Thanks RH. A lot of topics are getting covered . I absolutely agree that some of this building could be done at night. For newcomers to commercial work that is a strategy that could be useful. In this case the building front or highway side is the main artery through wine country and surprisingly busy at night. You would not believe the expense of some of the cars, oops, I'm drooling.

When I spray residential exteriors I use wind indicators.. tree leaves moving or a bra waving at me from the neighbour's clothsline. Just sayin', I know where my overspray is headed. Kelowna is in an arid valley. Instant gusts are common. The face of the building is 6 feet from the main throughway. I'm not sure I could judge overspray headed for traffic below here at night. that also solves the heat issue as it is too hot after 2pm. degrees.

Considering the small amount of substrate on the build front I would be tempted to cover the awning and then mini roll just that limited stretch on highway side. I can hear you chuckle "mini roll?" ... however it would reduce the risk to zero.

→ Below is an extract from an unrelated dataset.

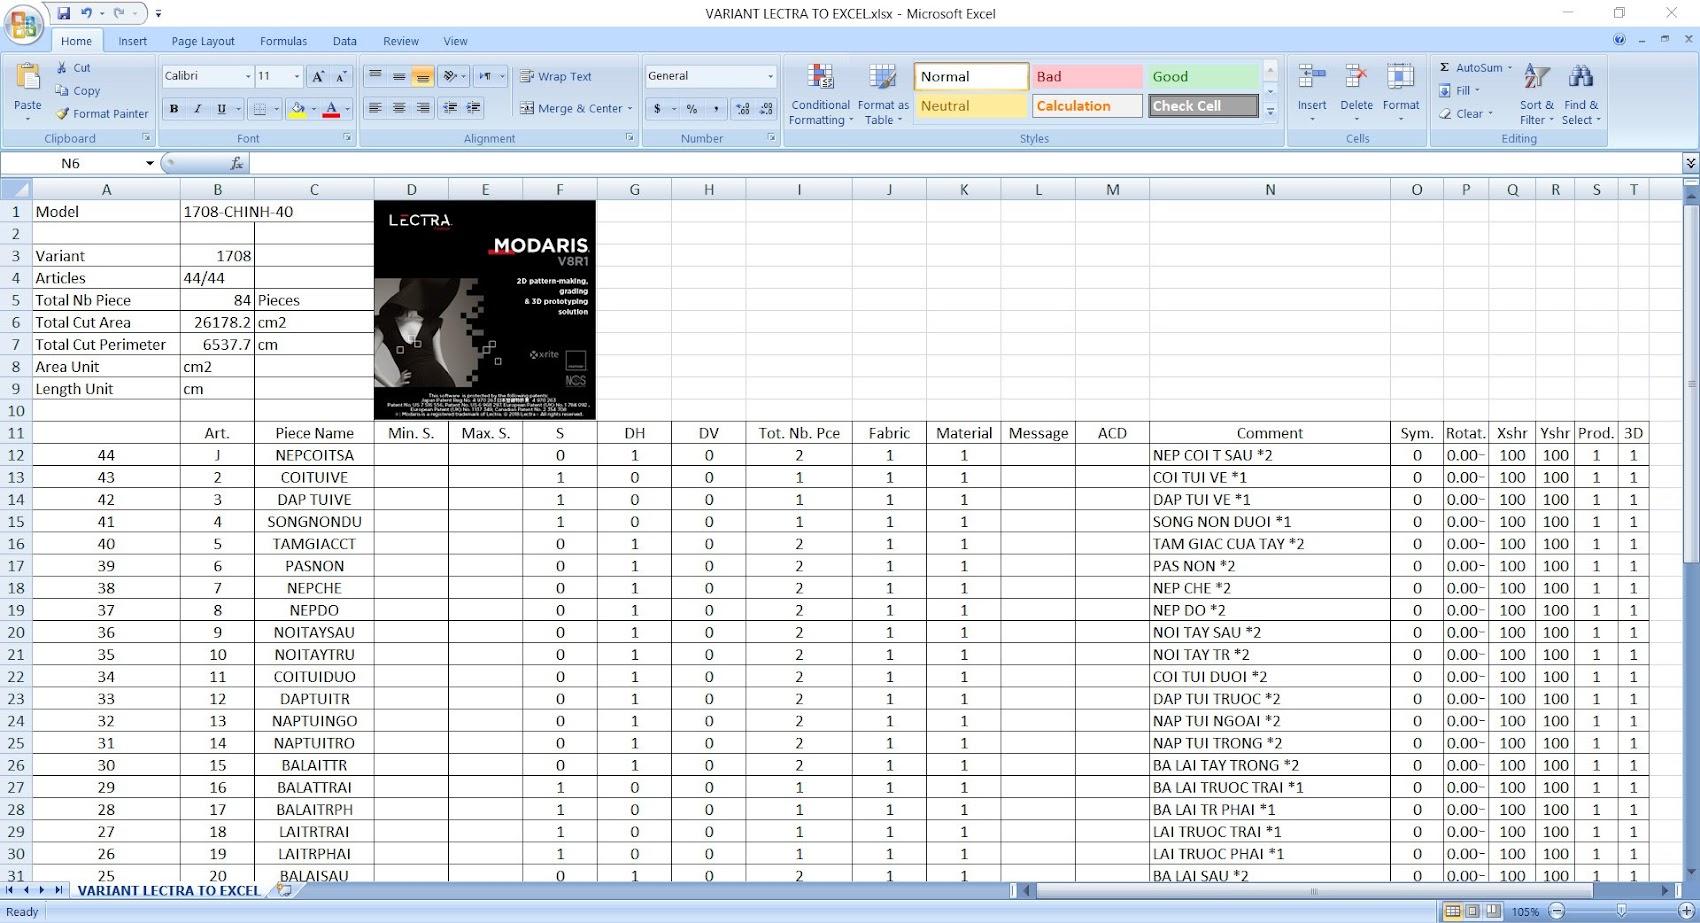 Hướng Dẫn Export Variant Lectra Modaris To Excel 1

Vehicles passing by 7 or 8 feet from the lift would have no visual on a guy waving his sprayer. I like that. No hate mail. What do you think? The vertical metal strips are 4"across 2"deep with a 4 " recess in between. I'm thinking Purdys jumbo mini roller for that stretch over the street. 

Graveyard Shift is not for everyone. 
I have to disagree with RH that everyone can adapt to graveyard. Employers need to realize some crew may have limitations when it comes to sleep. Sleep deprivation can jeopardize safety and productivity. I simply cannot sleep during the day. Period. It's not something new. I'm 60 and I have spent many years as a travelling musician. I never adapted to sleeping in moving vehicles of any kind nor to sleeping during the day. Often I was forced to perform after massive sleep deprivation. I was the drummer. I'm likely the BEST guy to say that working under sleep deprivation is a recipe for disaster. There is also the drive home from a project to consider even if you don't trigger the gun accidentally. 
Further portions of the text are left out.